Partitioning evapotranspiration using high-frequency stable isotope observation techniques: progress and challenges

Dr. Maren Dubbert

Date: Thursday, September 15, 2022
Time: 4.15 pm
Place: F 02 (Büsgenweg 2) and streamed via zoom. If you want to attend remotely, please register by sending an email to grk2300@uni-goettingen.de.

In light of ongoing global climate change and related increases in extreme hydrological events, it is becoming increasingly important to have a comprehensive knowledge of the ecosystem water cycle to assess ecosystem stability. Evapotranspiration (ET) plays a crucial role returning up to 90 % of ingoing precipitation back to the atmosphere. Partitioning of ET into its main components is crucial to understand temporal developments in net fluxes but to data remains one of the key challenges in ecosystem water research.
Water stable isotopes are a powerful tracer of water transfer through the soil-vegetation-atmosphere continuum (SPAC, Dubbert & Werner 2019).
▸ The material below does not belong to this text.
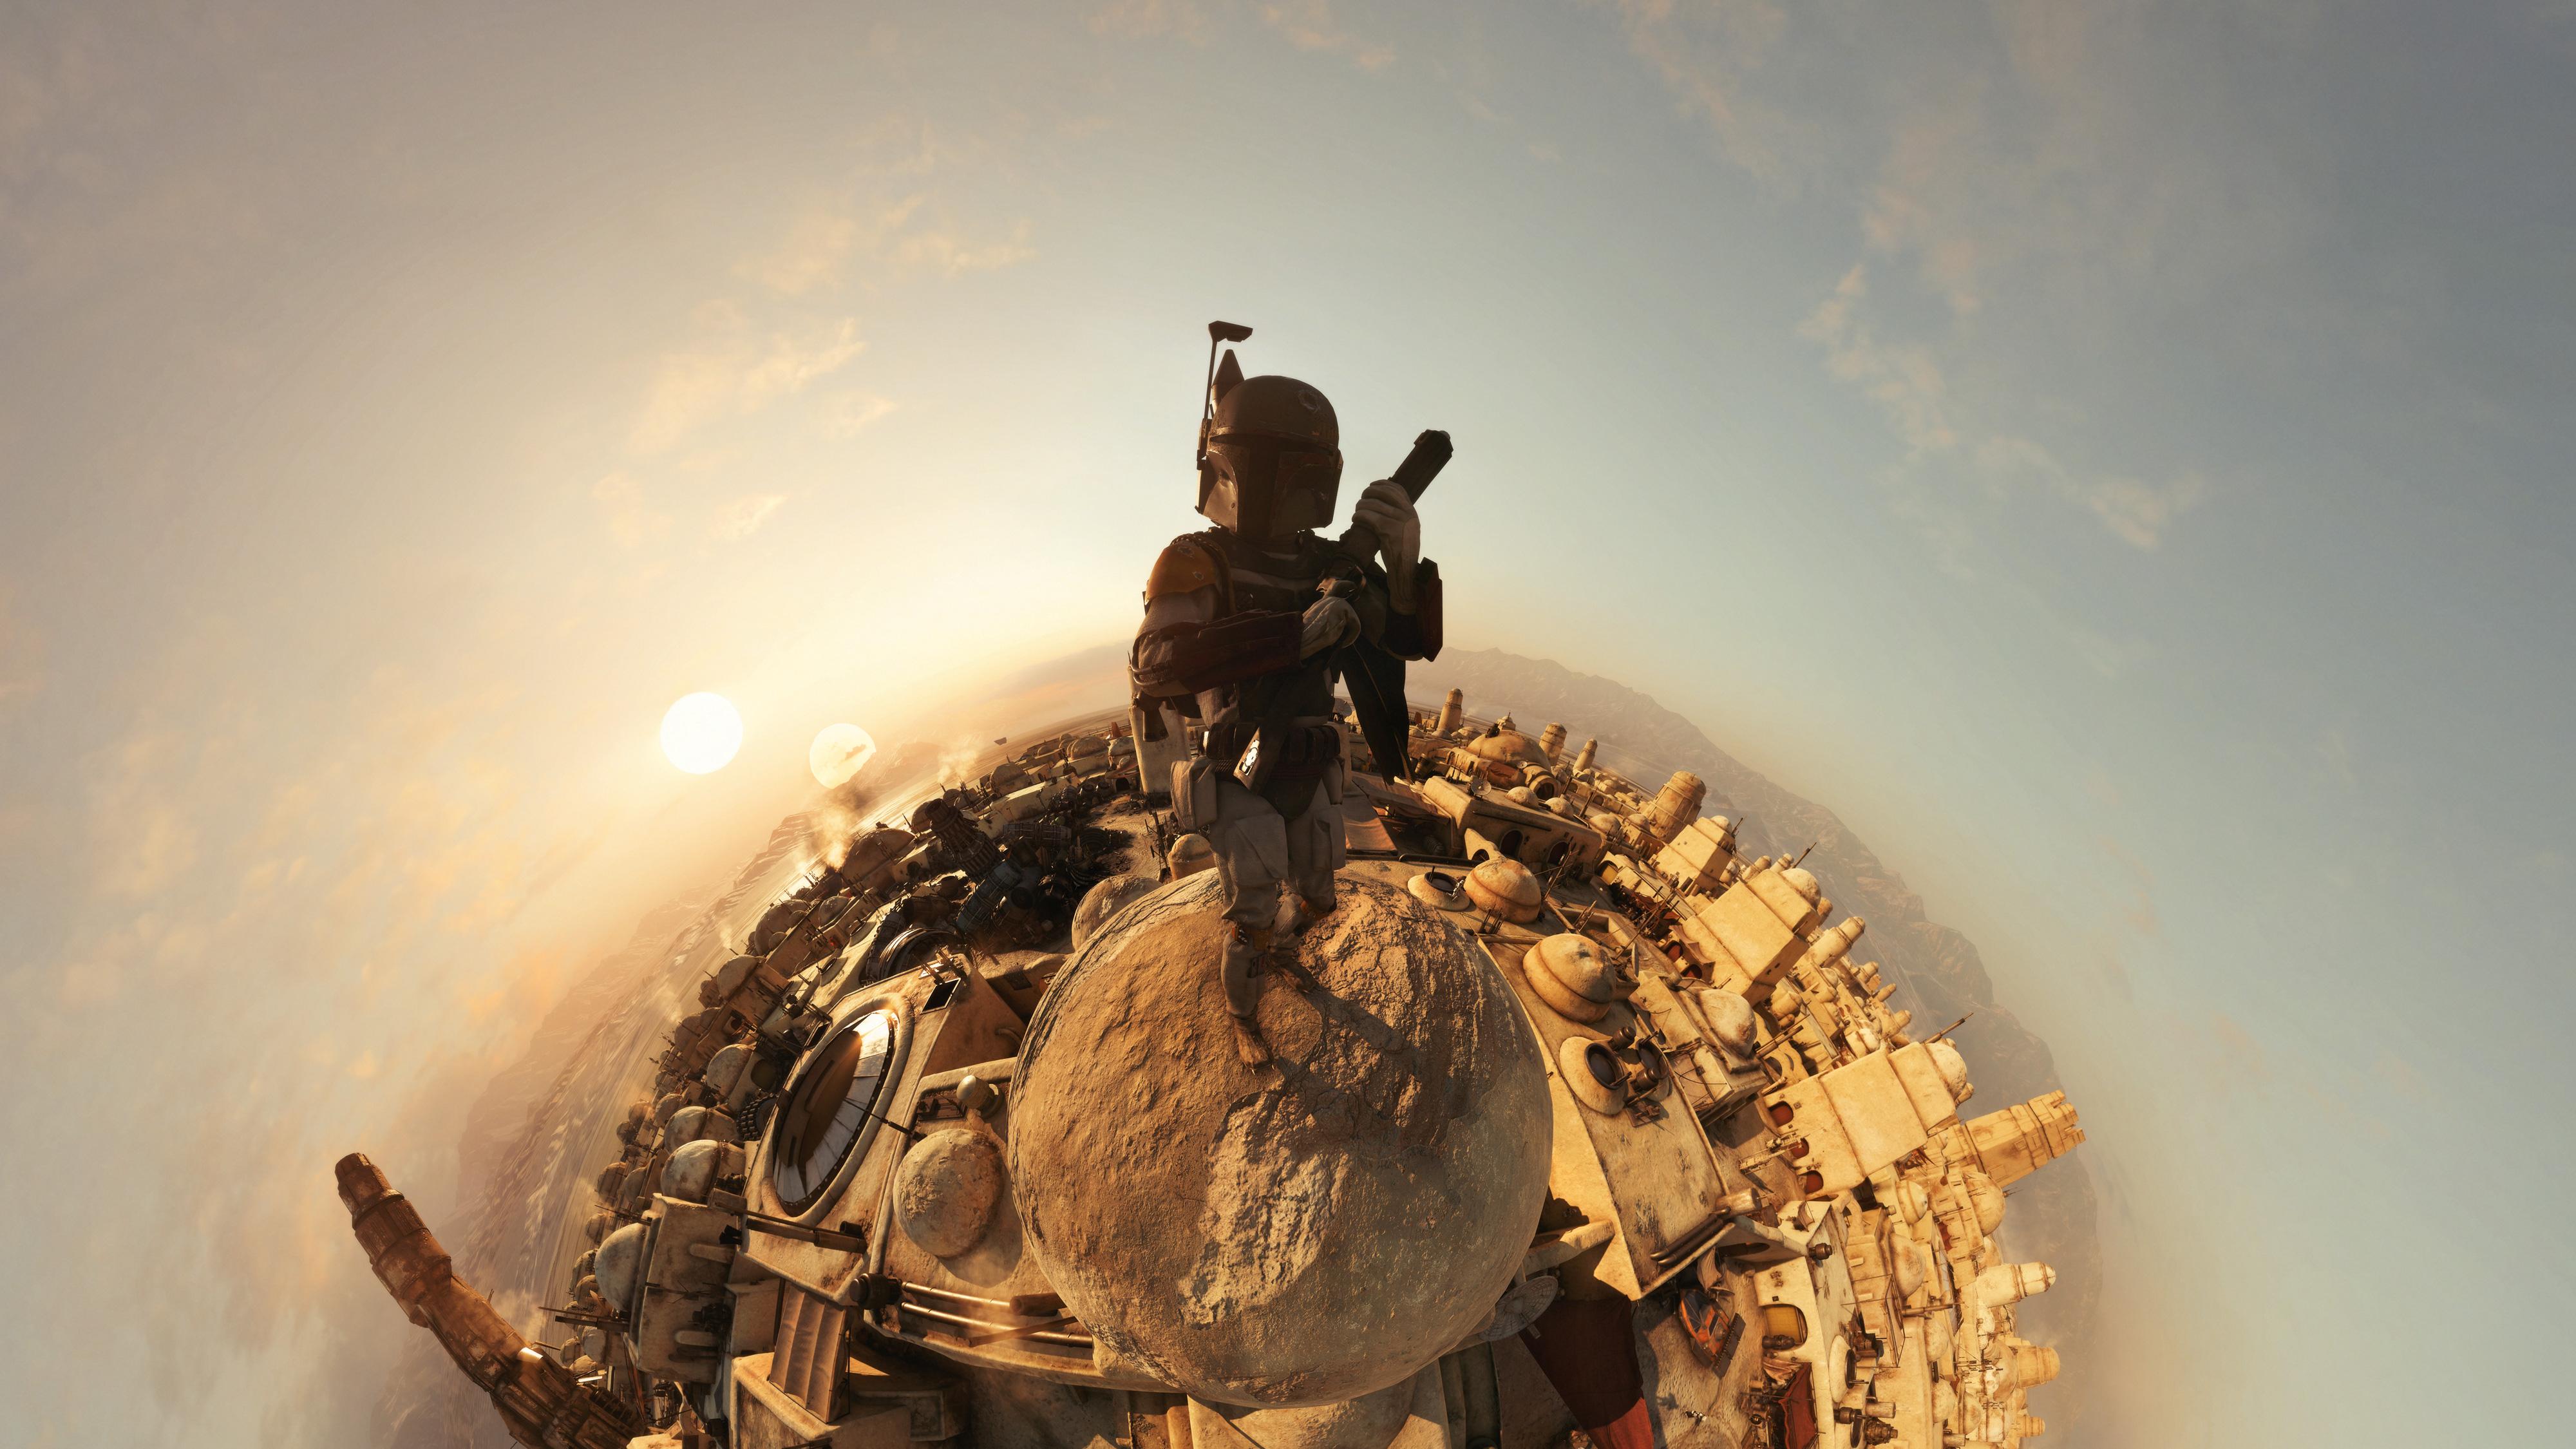 4k Star Wars Battlefront II, HD Games, 4k Wallpapers ...
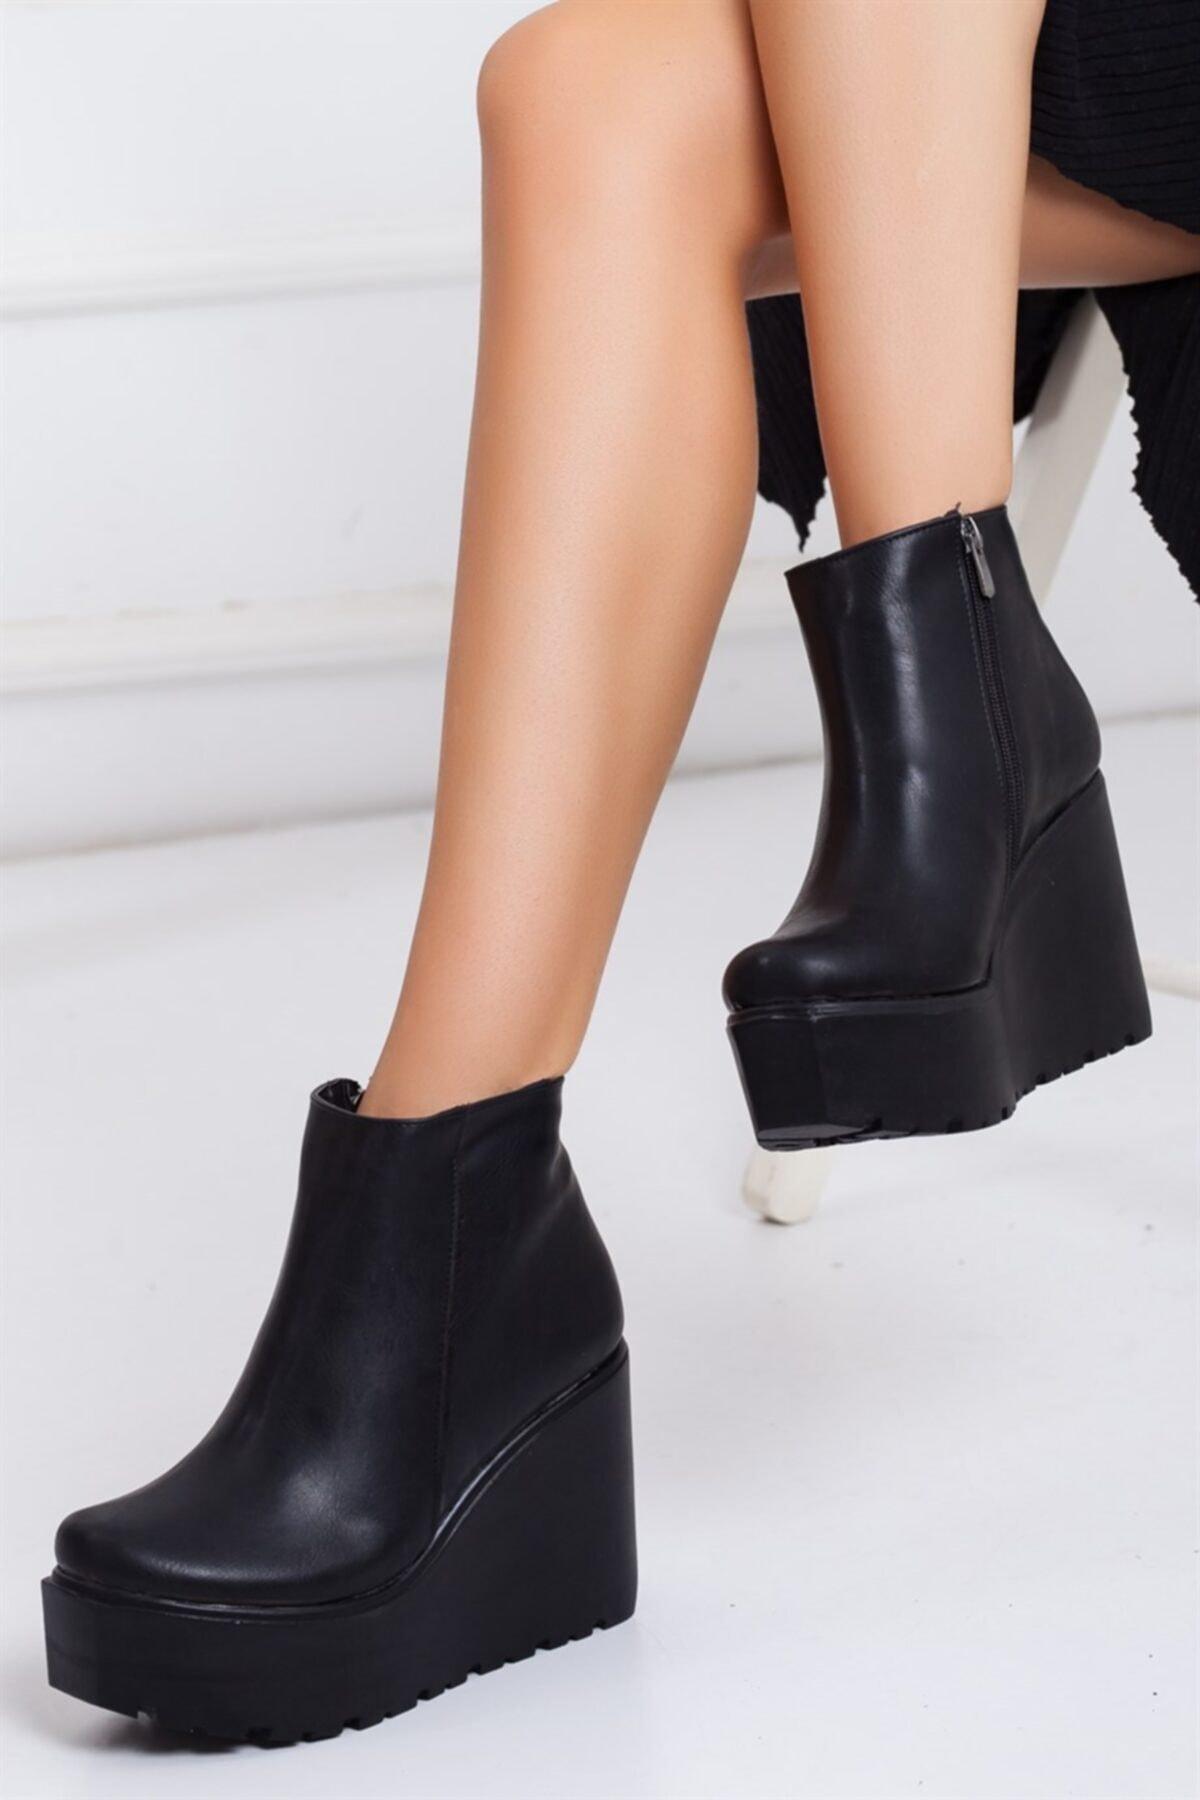 Lovita Shoes Kadın Siyah Dolgu Süet Topuk Bot

Following the development of laser-based spectrometry, the last decade has seen an important technological thrust of isotope monitoring methods at various scales within the SPAC (Dubbert et al., 2013; Dubbert et al., 2014; Braden-Behrens et al., 2019, 2020; Rothfuss et al., 2013; Volkmann and Weiler, 2014; Marshall et al., 2020), allowing to investigate the dynamic interactions at the soil-plant and plant-atmosphere interface in unprecedented temporal (<1 hr) and spatial resolution (<1 m2). In this short lecture we will discuss the background of combined flux and stable isotope evapotranspiration partitioning approaches, summarize significant milestones of the last decade, as well as progress and current challenges of using novel in-situ stable water isotopes techniques to disentangle ecohydrological fluxes.